ECOBONUS CONDOMINI: per lavori di riqualificazione energetica nelle parti comuni degli edifici condominiali di cui agli artt. 1117 e 1117-bis del Codice civile o che interessino tutte le unità immobiliari di cui si compone il singolo condominio, in relazione alle spese sostenute dal 1° gennaio 2017 al 31 dicembre 2021, i CONDOMINI e gli ISTITUTI AUTONOMI PER LE CASE POPOLARI (ex IACP) potranno, inoltre, contare su agevolazioni più elevate:
  • detrazione 70% per interventi di riqualificazione energetica dell’involucro dell’edificio condominiale con  un’incidenza superiore al 25% della superficie disperdente lorda dell’edificio medesimo;
  • detrazione 75% per interventi di riqualificazione energetica delle parti comuni di edifici condominiali, finalizzati a migliorare la prestazione energetica invernale ed estiva e conseguano almeno la qualità media di cui al Decreto “requisiti minimi” 26/06/15.
Queste agevolazioni, da ripartire in 10 anni, vanno calcolate su un ammontare complessivo delle spese non superiore a 40.000 € moltiplicato per il numero delle unità immobiliari che compongono l’edificio.
La legge prevede, inoltre, la possibilità di cedere il credito derivante dalla detrazione degli interventi nelle parti comuni condominiali ai fornitori che hanno effettuato l’intervento; per le modalità attuative si veda il Provvedimento dell’Agenzia delle Entrate n. 108577 del 08/06/17.

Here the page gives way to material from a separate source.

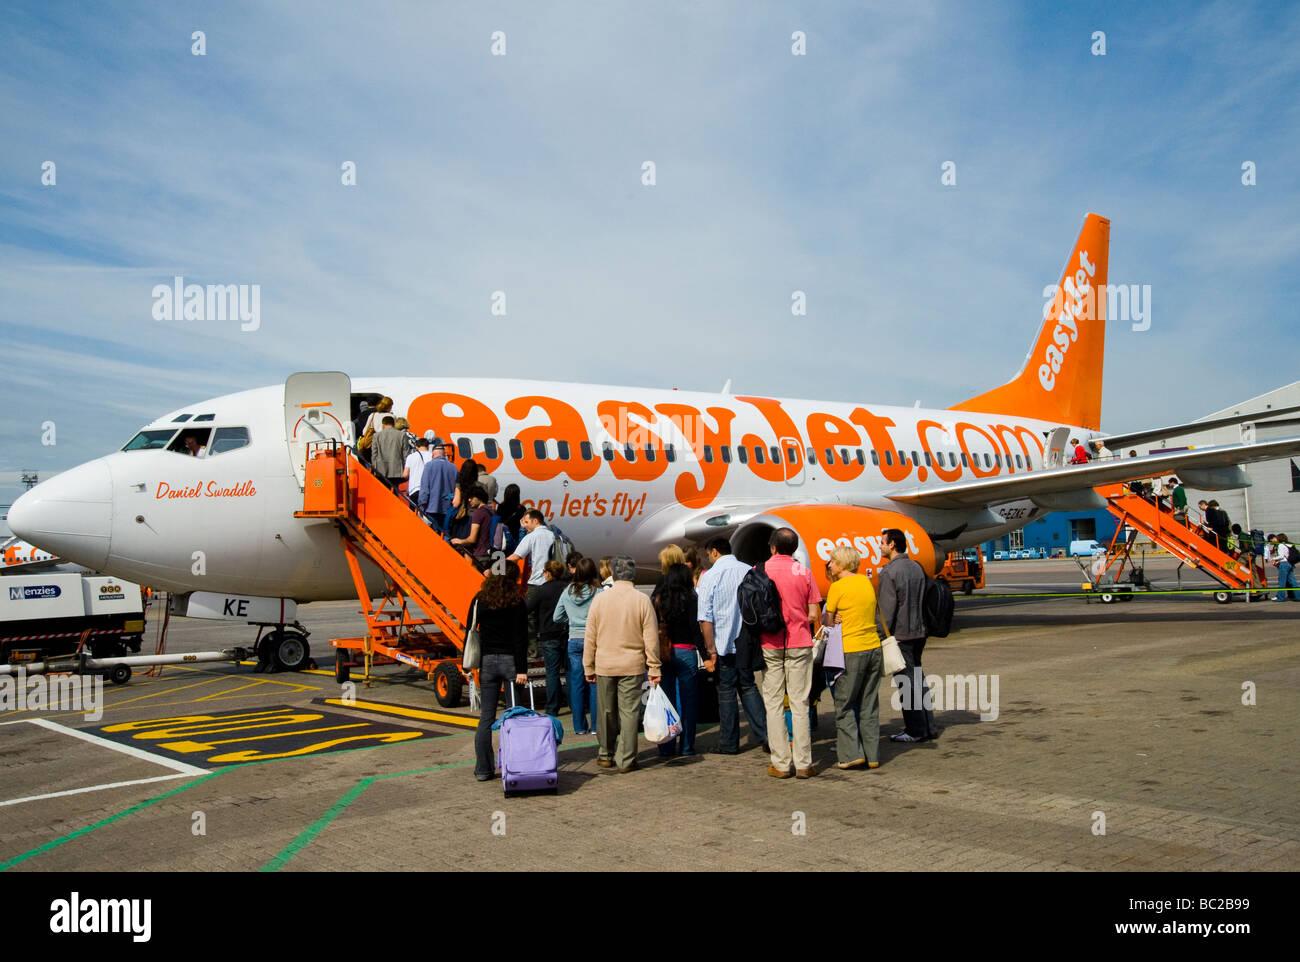 Passengers boarding an Easyjet plane - Stock Image

Per ottenere le detrazioni 70 e 75%, la sussistenza dei requisiti sopra indicati dev’essere asseverata da professionisti abilitati mediante l’APE di cui al Decreto 26/06/15.
Da quest’anno, inoltre, i condomini potranno beneficiare di un nuovo bonus: in alternativa all’Ecobonus e al Sismabonus, infatti, è stata introdotta anche la possibilità di beneficiare di una detrazione all’80% o 85% (a seconda del grado di riduzione del rischio sismico) per interventi congiunti di riqualificazione energetica e sismica su parti comuni condominiali di edifici ricadenti nelle zone sismiche 1, 2 e 3. Anche per questa agevolazione si attendono istruzioni.
Per la trasmissione ad ENEA delle pratiche relative ad interventi di riqualificazione energetica ultimati quest’anno, occorre utilizzare l’apposita sezione nel portale: http://finanziaria2018.enea.it.
N.B. ENEA sul proprio sito chiarisce che il portale d’invio Finanziaria 2018 “è attivo dal 30/03/2018. Per gli interventi la cui data di fine lavori (collaudo) è antecedente il 30/03/2018, considerando che l’indisponibilità del sito costituisce causa di forza maggiore, il termine di 90 giorni per la trasmissione dei dati previsti decorre dal 30 marzo 2018”.